1.3 Rules of Construction. Unless the context or use indicates another or
different meaning or intent, the following rules shall apply to the construction
of this Agreement:
(a) Words importing the singular number shall include the plural
number and vice versa.
(b) The captions and headings herein are solely for the convenience of
reference and shall not constitute a part of this Agreement nor shall they
affect its meaning, construction or effect.
(c) The words "hereof", "herein", "hereto", and other words of
similar import refer to this agreement as a whole.

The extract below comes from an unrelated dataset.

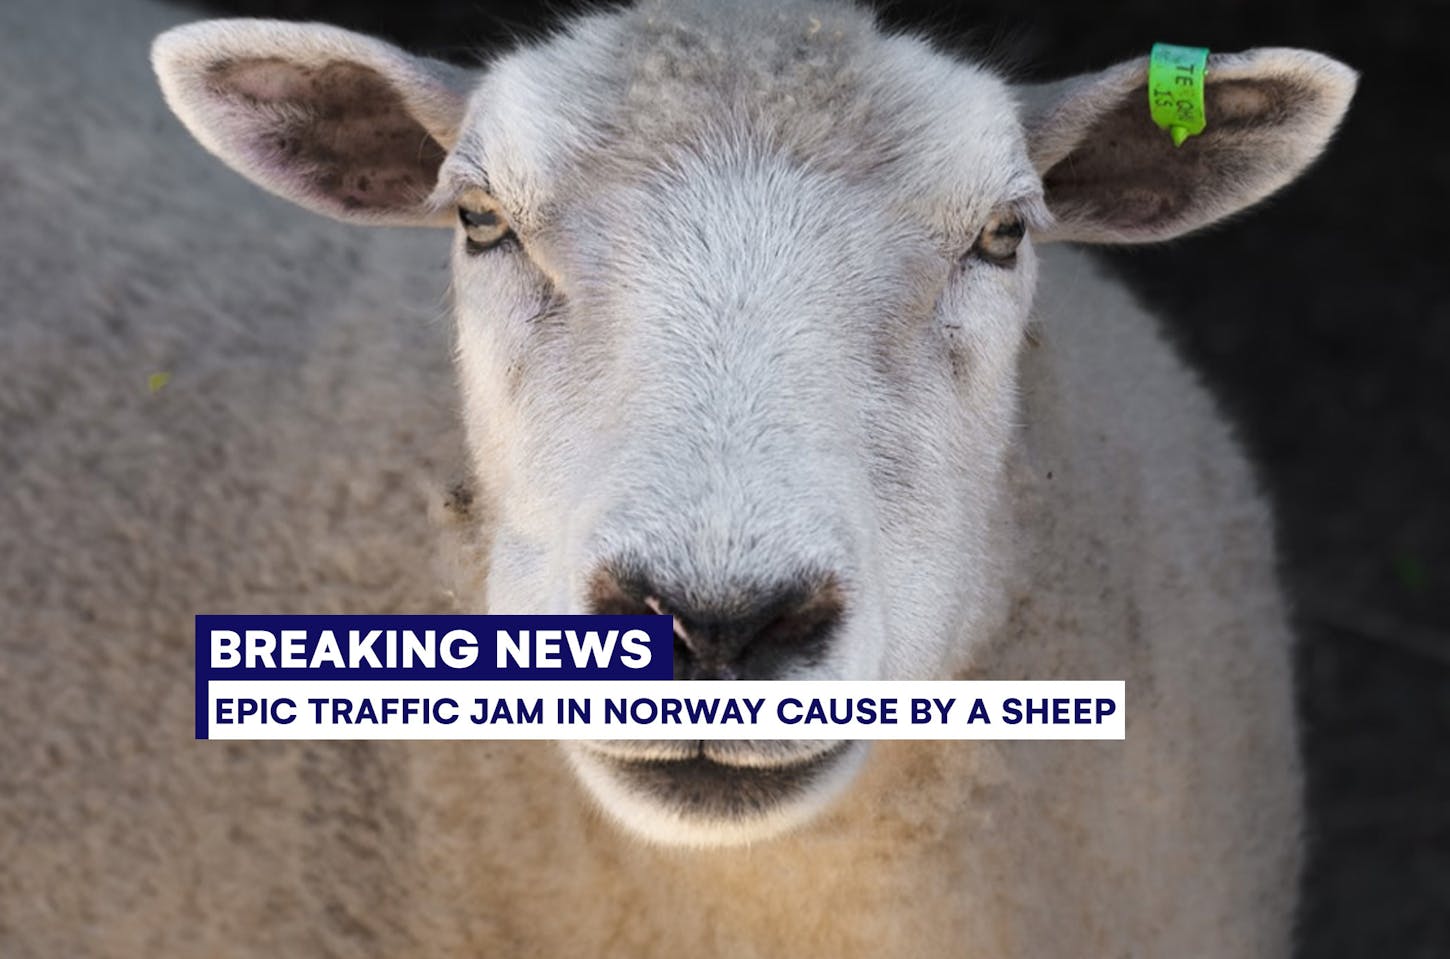 Funny Norwegian news during the silly season

(d) All references herein to a particular time of day shall be to New
York City time.
2. The Auction.
2.1 Purposes; Incorporation by Reference of Auction Procedures and
Settlement Procedures.
(a) The provisions of the Auction Procedures will be followed by the
Auction Agent for the purpose of determining the Applicable Rate for any
Dividend Period of any series of TAPS for which the Applicable Rate is to
be determined by an Auction. Each periodic operation of such procedures is
hereinafter referred to as an "Auction".
(b) All of the provisions contained in the Auction Procedures and the
Settlement Procedures are incorporated herein by reference in their
entirety and shall be deemed to be a part hereof to the same extent as if
such provisions were fully set forth herein.
(c) The BD agrees to act as, and assumes the obligations of, and
limitations and restrictions placed upon, a Broker-Dealer under this
Agreement for each series of TAPS. The BD understands that other Persons
meeting the requirements specified in the definition of "Broker-Dealer"

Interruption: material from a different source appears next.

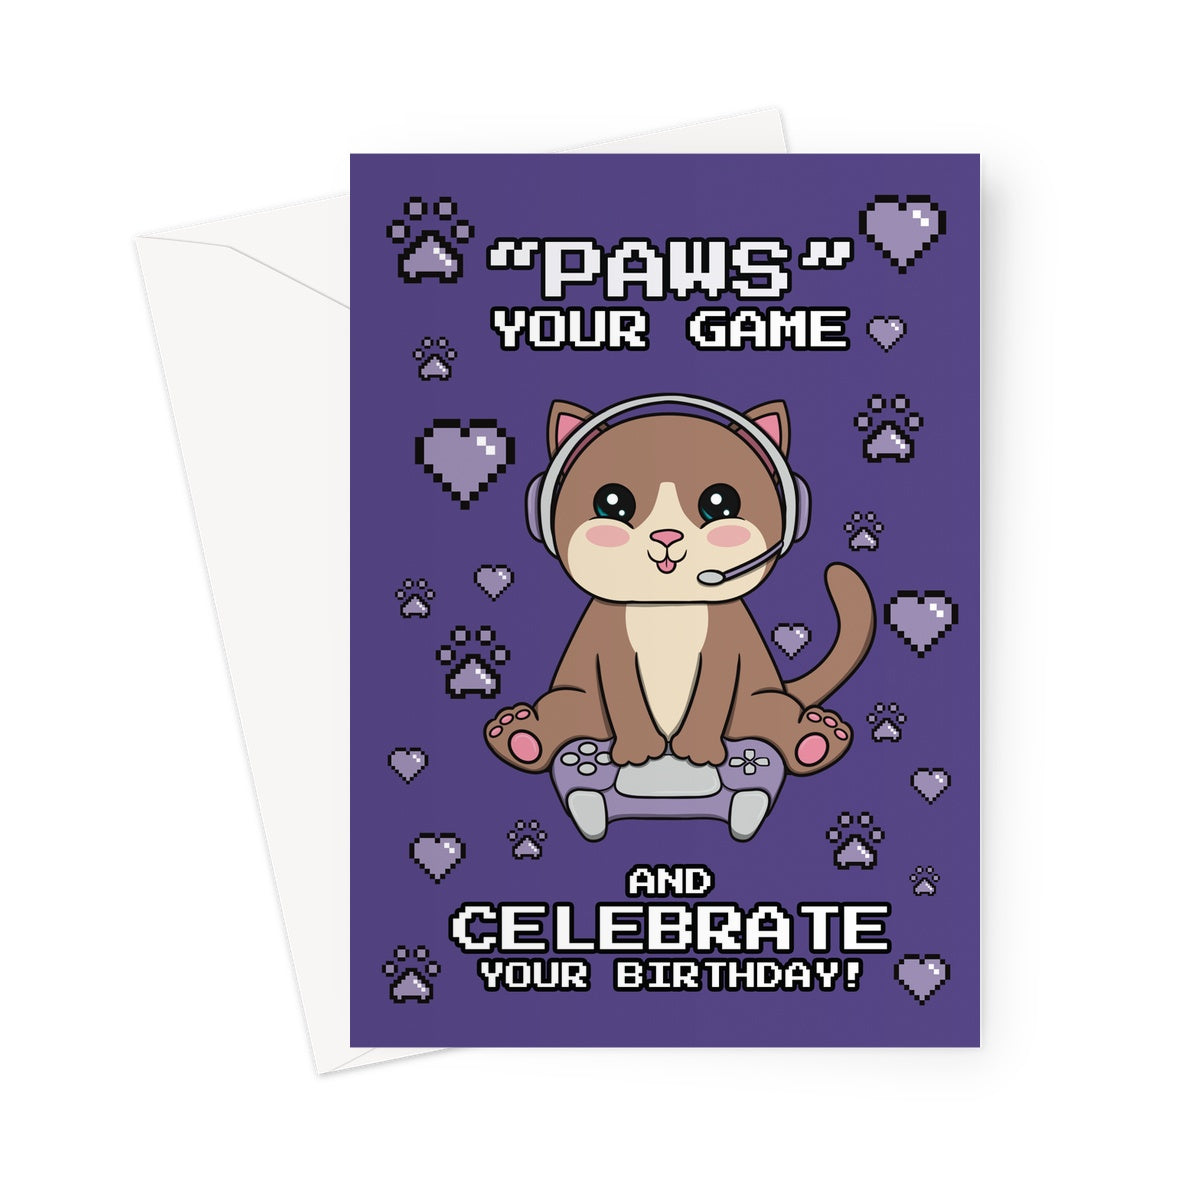 Cute cat birthday card playing video games

contained in the Auction Procedures may execute Broker-Dealer Agreements
and participate as Broker-Dealers in Auctions.
2.2 Preparation of Each Auction.
(a) Not later than 9:30 A.M. on each Auction Date for the TAPS, the
Auction Agent shall advise the Broker-Dealers for such series by telephone
of the Minimum Rate and Maximum Rate therefor and the AA Composite
Commercial Paper Rate(s) and the Treasury Index Rate(s), as the case may
be, used in determining the Minimum Rate and Maximum Rate.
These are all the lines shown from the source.